Early on in the process, aspirants are asked to identify up to 100 potential benefactors.
The aspirants write letters notifying benefactors that they will be calling to set up a face-to-face meeting, where the aspirants introduce themselves and share their vocation stories.
The aspirants will politely ask for support, but even if the benefactor cannot commit financially, the aspirants will ask how they can pray for them.
“It’s really between God and that person, not the aspirant and that person,” Daley said. “A lot of the stress goes away when the aspirants don’t so much focus on money as they do on the relationship with that potential benefactor, opening the door and having that conversation. It’s really between God and that person if they give and how much they give. As an aspirant, you can’t control that, nor do you want to. It’s not your say.”
Fundraising as ministry in itself
Snee, who describes herself as a natural introvert, said she was initially intimidated by the idea of fundraising, and added that she was out of her comfort zone for the two six-month program sessions she completed. With the help and advice of her accountability partner, Snee said she not only saw the Holy Spirit working on her benefactors, but also in herself.

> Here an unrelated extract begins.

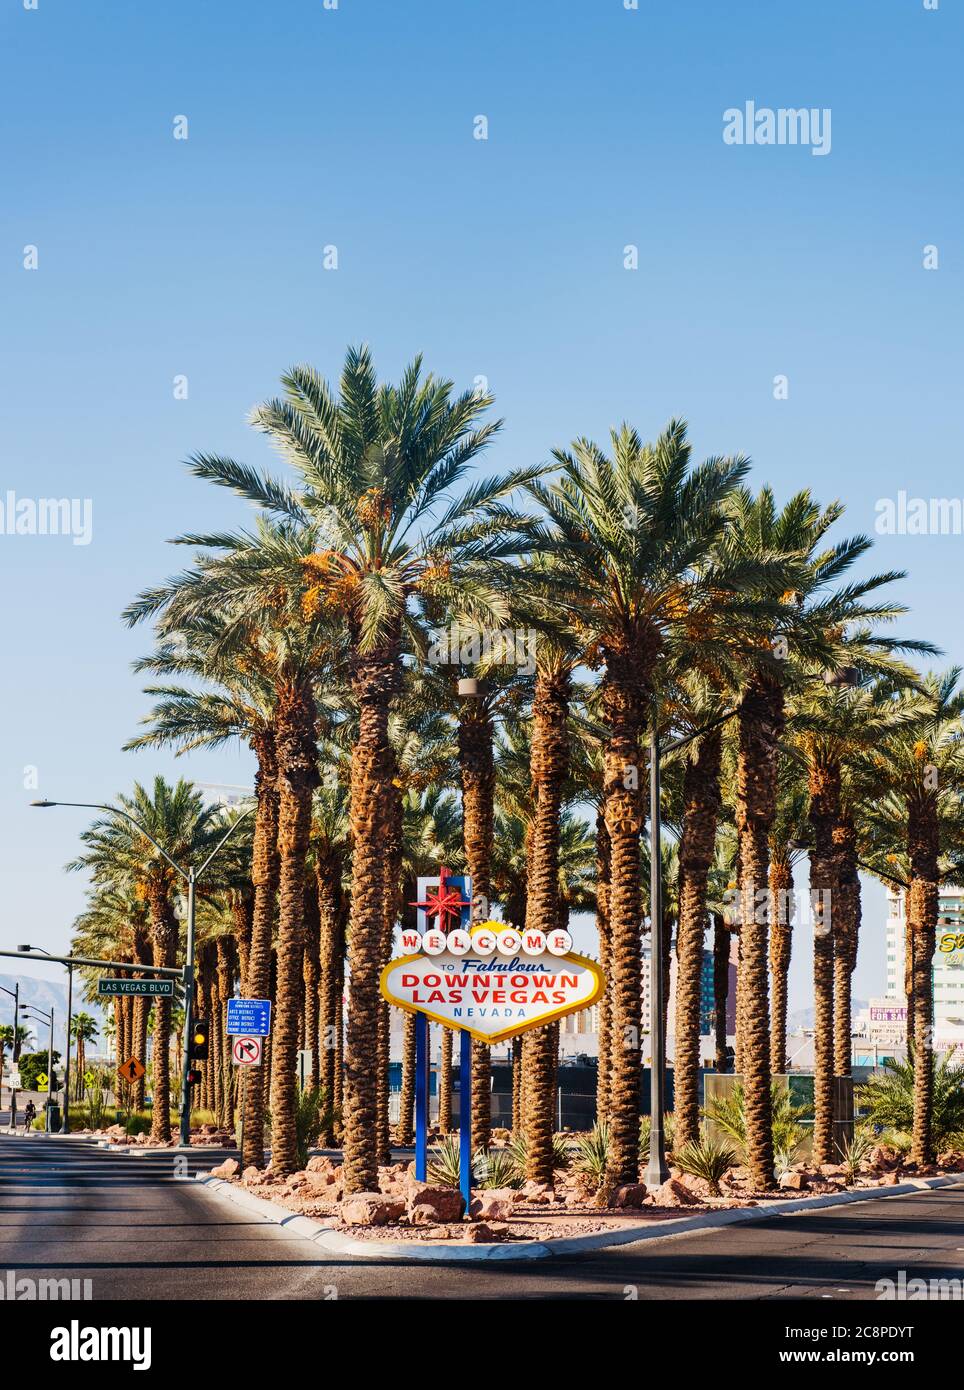 welcome to fabulous las vegas sign in front of palm trees, Las Vegas, Nevada Stock Photo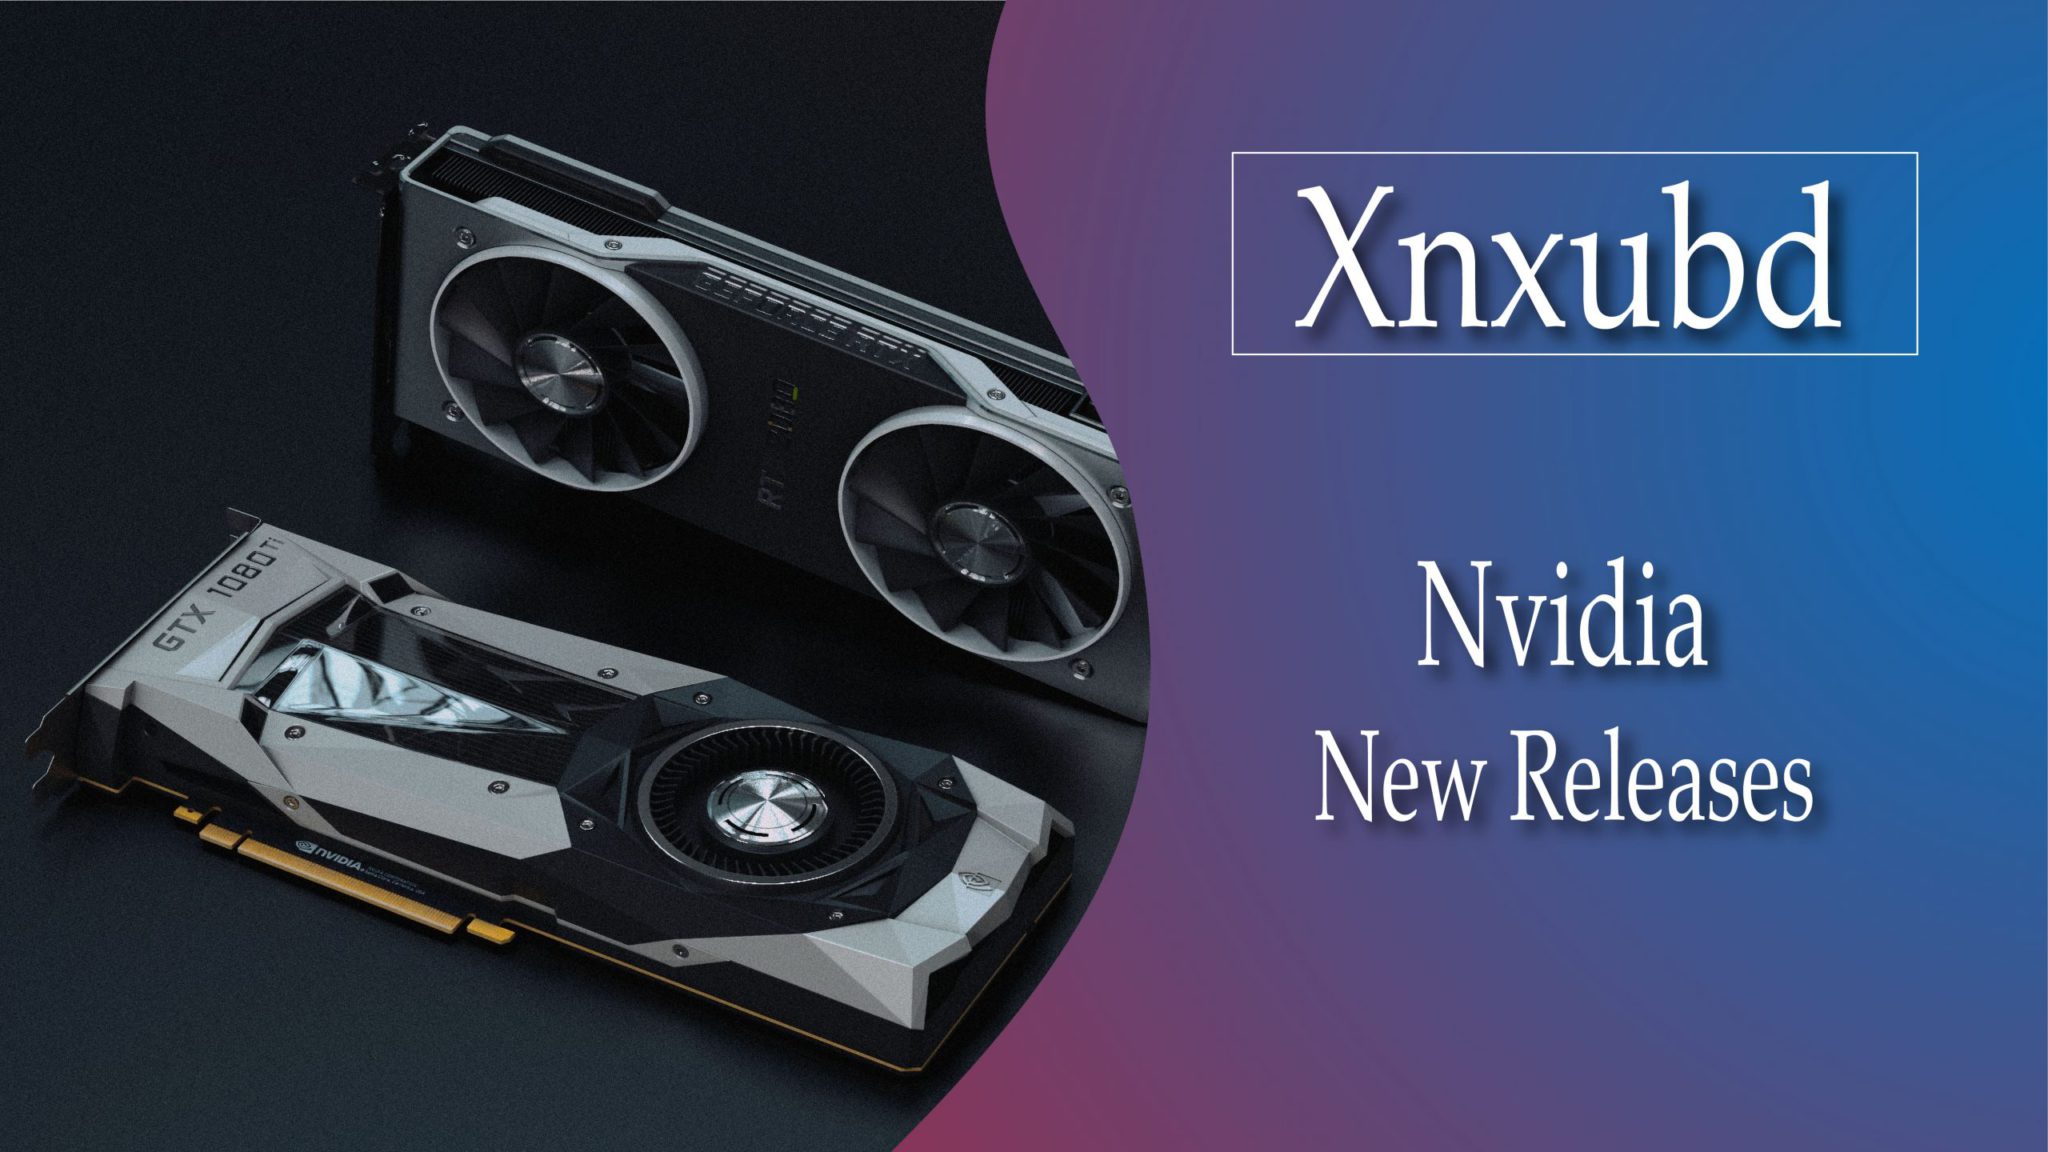 According with speculation, the current Nvidia Xnxubd 2021nvidia graphics c...

“I began to see what I was doing less as fundraising and more as a ministry,” she said. “It’s made me more charitable and my attitude toward charity has increased. My capacity to love has grown. It’s helped me to open my eyes that this is how God works in the world.”
Bill Duffert, 28, a seminarian for the Archdiocese of MinneapolisSt. Paul, said the relationships formed between aspirant and benefactor are mutually beneficial.
“Those are relationships I hope and pray I will continue to have, God willing, into my priestly life,” said Duffert, who is on track to be ordained a priest in 2021. Before discerning a priestly vocation, Duffert was a school teacher with plans of one day getting married and raising a family.
“But there was a stirring in my heart that God might be calling me to become a priest. It was just a quiet, persistent stirring that just wouldn’t go away,” said Duffert, who worried that his student loans would prevent his vocation.
Duffert had no previous fundraising experience before joining the Labouré Society.
“It is definitely a humbling experience to ask someone for help, no matter what that entails, but especially when you’re asking for financial support,” Duffert said. “It’s humbling to put yourself in a vulnerable situation and invite someone into your vocation story, to ask for their financial support and prayers.”
If he is ultimately ordained to the priesthood, Duffert said he hopes to express his gratitude to the men and women who made it possible. Said Duffert, “I’d want to say to them, ‘Thank you so much. You got me to this place. You made it possible for me to go to formation and be ordained a priest.’”
BRIAN FRAGA is a Legatus magazine staff writer.